What the exercise asks: Where the listing below has a line with "The Nesavu Girls", write out exactly that line and every line after it, stopping after the line with "食品生鲜水果日常上新土特产店铺首页".

== Segment start ==

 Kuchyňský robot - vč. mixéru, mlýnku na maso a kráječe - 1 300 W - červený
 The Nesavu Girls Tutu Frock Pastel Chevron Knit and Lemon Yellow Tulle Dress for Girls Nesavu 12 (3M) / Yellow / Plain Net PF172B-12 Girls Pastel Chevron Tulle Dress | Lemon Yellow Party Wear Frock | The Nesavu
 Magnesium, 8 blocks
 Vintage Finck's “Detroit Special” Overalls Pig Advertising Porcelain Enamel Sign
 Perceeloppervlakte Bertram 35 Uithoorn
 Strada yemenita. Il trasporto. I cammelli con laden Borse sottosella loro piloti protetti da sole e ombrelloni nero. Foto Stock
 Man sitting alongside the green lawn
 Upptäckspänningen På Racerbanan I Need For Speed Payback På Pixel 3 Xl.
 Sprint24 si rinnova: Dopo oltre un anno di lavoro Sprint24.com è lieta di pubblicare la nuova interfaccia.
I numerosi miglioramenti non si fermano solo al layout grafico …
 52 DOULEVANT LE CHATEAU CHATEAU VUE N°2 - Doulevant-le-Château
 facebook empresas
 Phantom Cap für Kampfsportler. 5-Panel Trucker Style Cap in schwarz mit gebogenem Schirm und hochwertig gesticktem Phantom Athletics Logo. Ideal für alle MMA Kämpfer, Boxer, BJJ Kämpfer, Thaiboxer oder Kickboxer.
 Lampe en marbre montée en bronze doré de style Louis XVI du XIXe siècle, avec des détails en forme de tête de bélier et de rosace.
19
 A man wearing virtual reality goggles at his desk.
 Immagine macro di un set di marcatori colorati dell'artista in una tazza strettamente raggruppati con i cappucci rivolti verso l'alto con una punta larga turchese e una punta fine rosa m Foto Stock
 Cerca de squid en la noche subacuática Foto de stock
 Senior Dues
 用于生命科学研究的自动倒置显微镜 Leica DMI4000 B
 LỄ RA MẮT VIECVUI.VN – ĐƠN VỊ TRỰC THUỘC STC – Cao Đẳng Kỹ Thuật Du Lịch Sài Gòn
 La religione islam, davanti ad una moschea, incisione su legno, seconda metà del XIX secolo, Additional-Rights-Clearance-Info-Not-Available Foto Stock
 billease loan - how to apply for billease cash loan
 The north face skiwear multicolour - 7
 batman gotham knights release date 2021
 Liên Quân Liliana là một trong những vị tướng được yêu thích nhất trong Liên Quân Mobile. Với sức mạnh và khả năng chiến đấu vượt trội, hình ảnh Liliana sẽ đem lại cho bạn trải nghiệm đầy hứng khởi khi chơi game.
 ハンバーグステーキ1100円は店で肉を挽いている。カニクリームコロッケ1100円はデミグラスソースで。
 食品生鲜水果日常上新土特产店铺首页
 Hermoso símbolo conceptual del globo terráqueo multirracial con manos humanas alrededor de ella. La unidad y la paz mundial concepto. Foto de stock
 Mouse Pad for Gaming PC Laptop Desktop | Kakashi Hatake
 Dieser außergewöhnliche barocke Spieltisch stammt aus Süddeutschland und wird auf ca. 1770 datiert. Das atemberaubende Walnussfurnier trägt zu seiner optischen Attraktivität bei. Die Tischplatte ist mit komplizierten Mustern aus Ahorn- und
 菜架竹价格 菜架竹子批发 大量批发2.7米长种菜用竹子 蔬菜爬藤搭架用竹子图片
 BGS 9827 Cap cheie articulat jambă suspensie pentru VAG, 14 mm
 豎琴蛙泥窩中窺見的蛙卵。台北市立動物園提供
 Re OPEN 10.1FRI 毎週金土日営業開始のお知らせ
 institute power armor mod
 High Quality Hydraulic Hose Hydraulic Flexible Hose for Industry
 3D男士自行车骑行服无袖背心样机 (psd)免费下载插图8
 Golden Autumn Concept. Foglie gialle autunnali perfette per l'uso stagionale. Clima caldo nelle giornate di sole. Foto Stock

== Segment end ==

Problem solution:
 The Nesavu Girls Tutu Frock Pastel Chevron Knit and Lemon Yellow Tulle Dress for Girls Nesavu 12 (3M) / Yellow / Plain Net PF172B-12 Girls Pastel Chevron Tulle Dress | Lemon Yellow Party Wear Frock | The Nesavu
 Magnesium, 8 blocks
 Vintage Finck's “Detroit Special” Overalls Pig Advertising Porcelain Enamel Sign
 Perceeloppervlakte Bertram 35 Uithoorn
 Strada yemenita. Il trasporto. I cammelli con laden Borse sottosella loro piloti protetti da sole e ombrelloni nero. Foto Stock
 Man sitting alongside the green lawn
 Upptäckspänningen På Racerbanan I Need For Speed Payback På Pixel 3 Xl.
 Sprint24 si rinnova: Dopo oltre un anno di lavoro Sprint24.com è lieta di pubblicare la nuova interfaccia.
I numerosi miglioramenti non si fermano solo al layout grafico …
 52 DOULEVANT LE CHATEAU CHATEAU VUE N°2 - Doulevant-le-Château
 facebook empresas
 Phantom Cap für Kampfsportler. 5-Panel Trucker Style Cap in schwarz mit gebogenem Schirm und hochwertig gesticktem Phantom Athletics Logo. Ideal für alle MMA Kämpfer, Boxer, BJJ Kämpfer, Thaiboxer oder Kickboxer.
 Lampe en marbre montée en bronze doré de style Louis XVI du XIXe siècle, avec des détails en forme de tête de bélier et de rosace.
19
 A man wearing virtual reality goggles at his desk.
 Immagine macro di un set di marcatori colorati dell'artista in una tazza strettamente raggruppati con i cappucci rivolti verso l'alto con una punta larga turchese e una punta fine rosa m Foto Stock
 Cerca de squid en la noche subacuática Foto de stock
 Senior Dues
 用于生命科学研究的自动倒置显微镜 Leica DMI4000 B
 LỄ RA MẮT VIECVUI.VN – ĐƠN VỊ TRỰC THUỘC STC – Cao Đẳng Kỹ Thuật Du Lịch Sài Gòn
 La religione islam, davanti ad una moschea, incisione su legno, seconda metà del XIX secolo, Additional-Rights-Clearance-Info-Not-Available Foto Stock
 billease loan - how to apply for billease cash loan
 The north face skiwear multicolour - 7
 batman gotham knights release date 2021
 Liên Quân Liliana là một trong những vị tướng được yêu thích nhất trong Liên Quân Mobile. Với sức mạnh và khả năng chiến đấu vượt trội, hình ảnh Liliana sẽ đem lại cho bạn trải nghiệm đầy hứng khởi khi chơi game.
 ハンバーグステーキ1100円は店で肉を挽いている。カニクリームコロッケ1100円はデミグラスソースで。
 食品生鲜水果日常上新土特产店铺首页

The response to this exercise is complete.